When you find a form of movement that fits who you actually are — and you show up to it consistently, week after week — something shifts. You stop being someone who is "trying to get fit." You become someone who takes care of their body. That identity becomes a foundation everything else rests on. Your sleep improves. Your energy stabilizes. Your relationship with stress changes.
Tony Robbins has made the point for decades that the state of your body shapes the state of your mind. That's not a metaphor. It's physiology. The way you carry yourself, breathe, and move sends constant signals to your nervous system about who you are and what you're capable of.

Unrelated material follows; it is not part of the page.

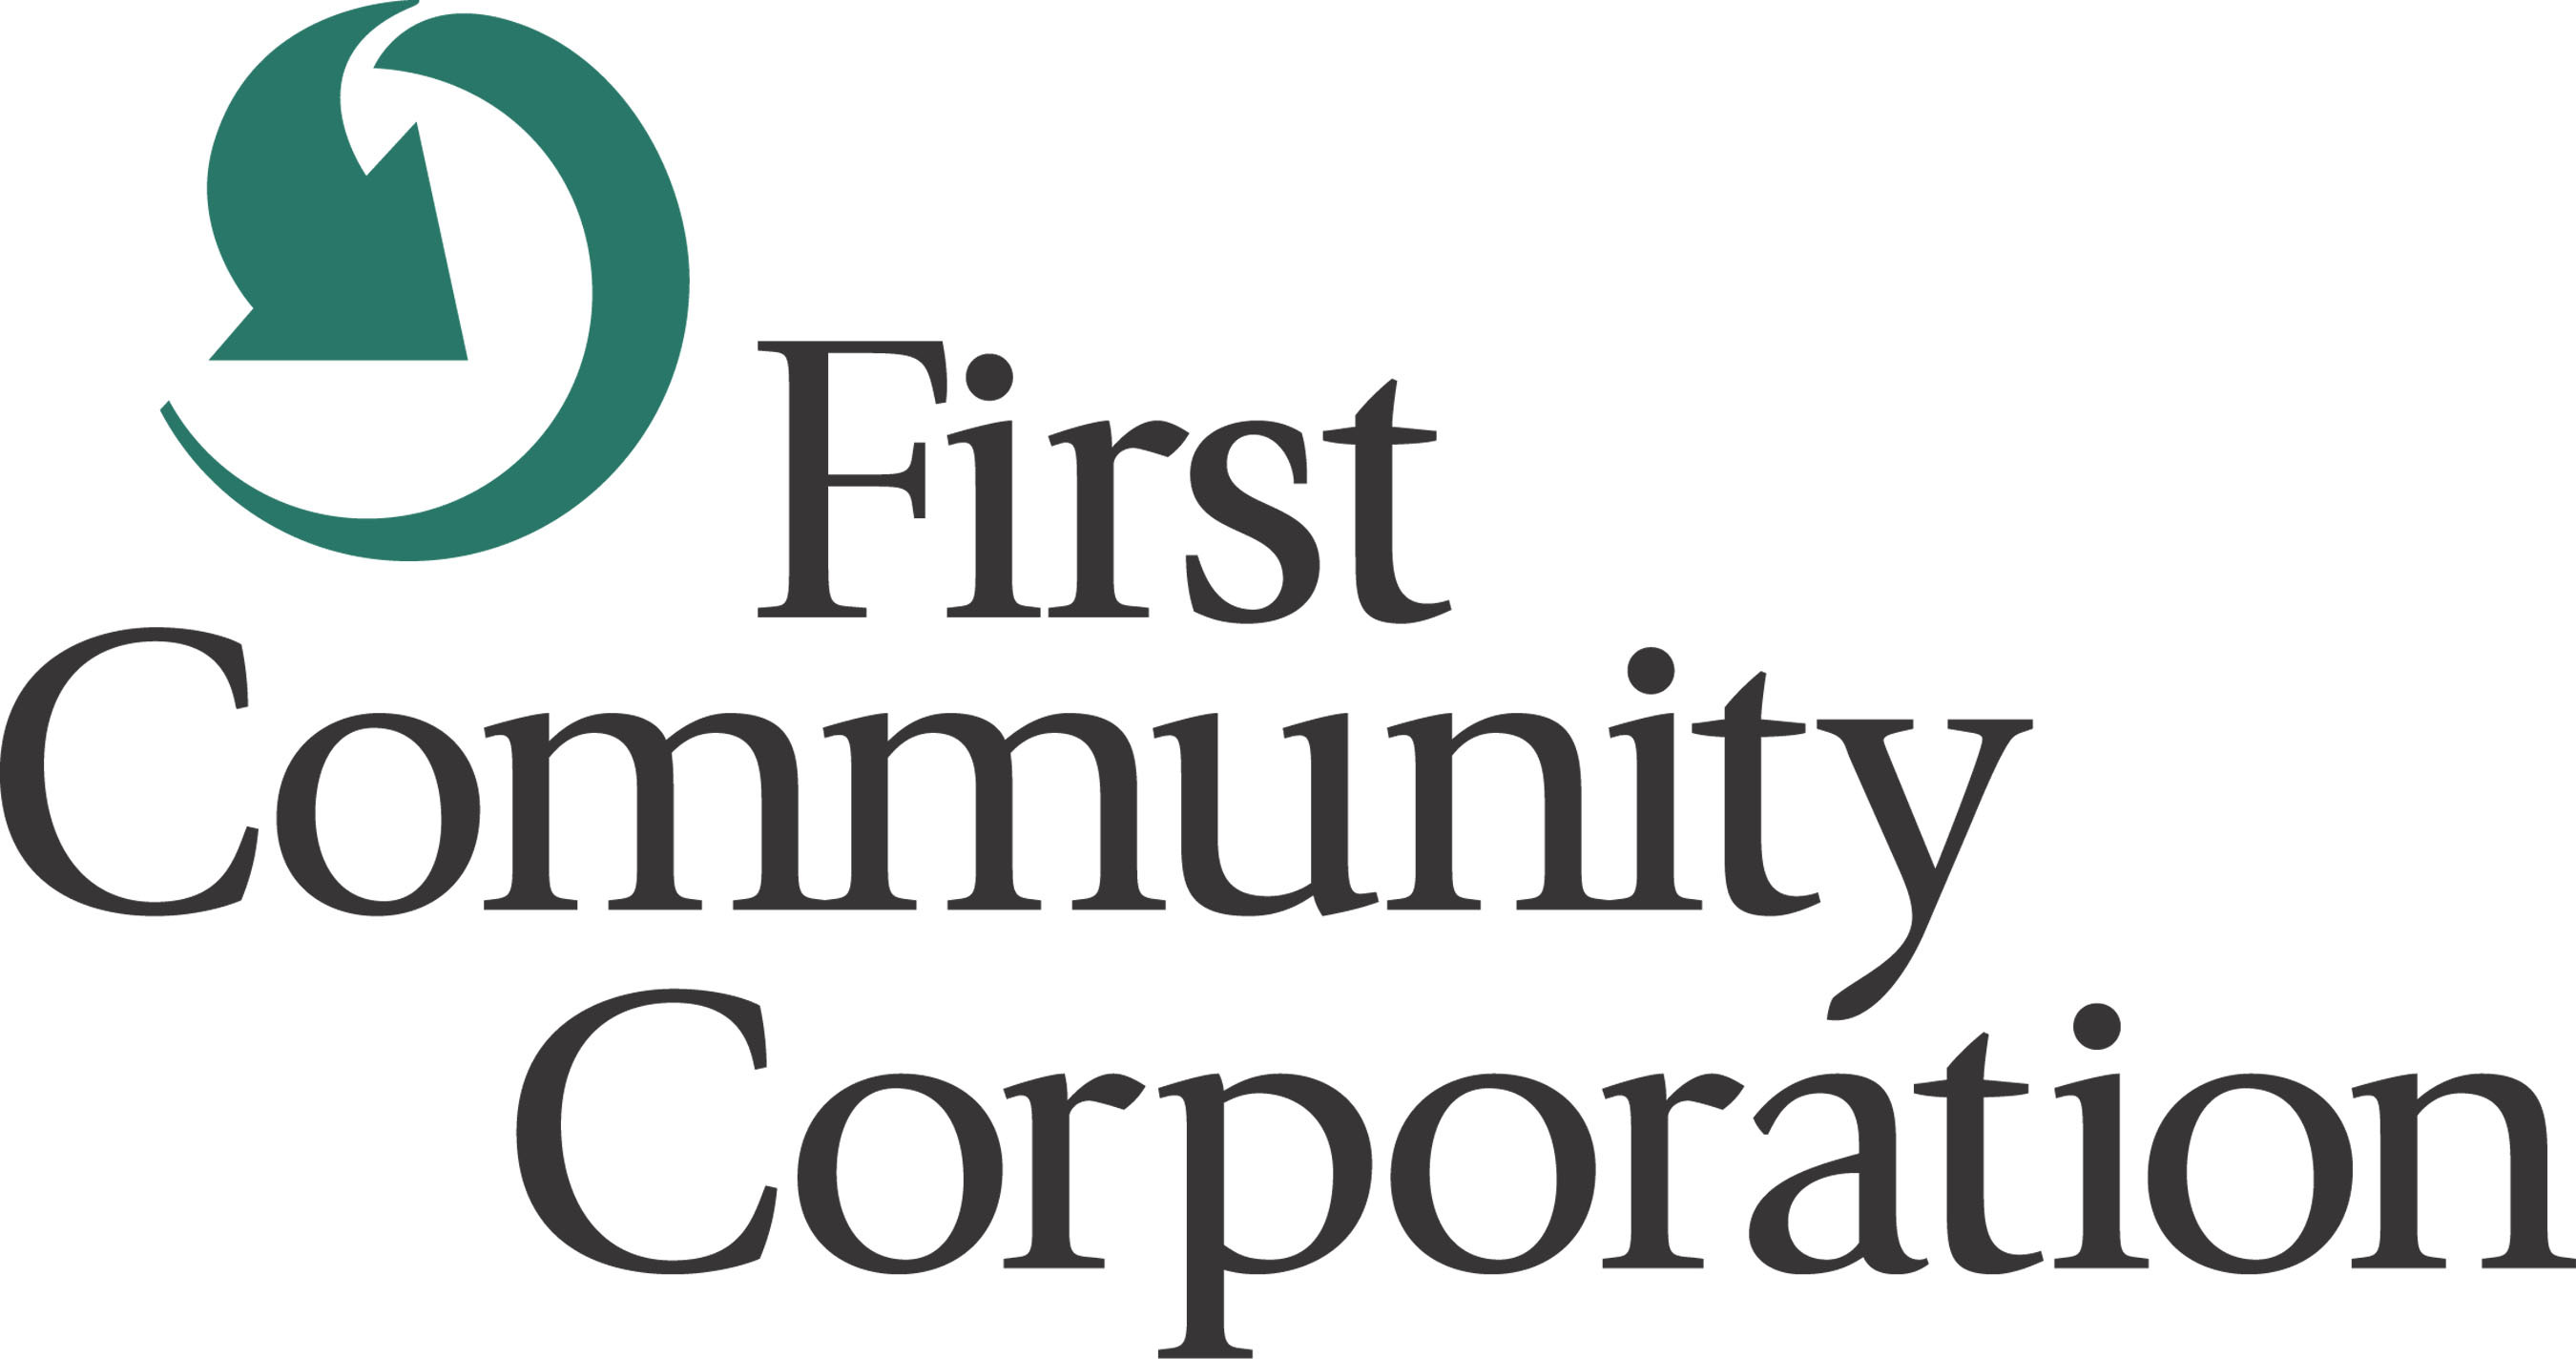 First Community Corporation logo

Designing your physical evolution isn't about finding the perfect workout. It's about building the kind of relationship with movement that becomes non-negotiable — like brushing your teeth or eating lunch. Something you do because you're the kind of person who does it, not because you're forcing yourself.
The right routine for you is probably not the one your fitness-obsessed colleague does. It's probably not the one the algorithm recommended. It's the one you'd show up to when you're tired, when the weather is bad, when motivation has completely abandoned you — because somewhere along the way, it became part of who you are.
What does movement look like for the person you're becoming? That's worth thinking about.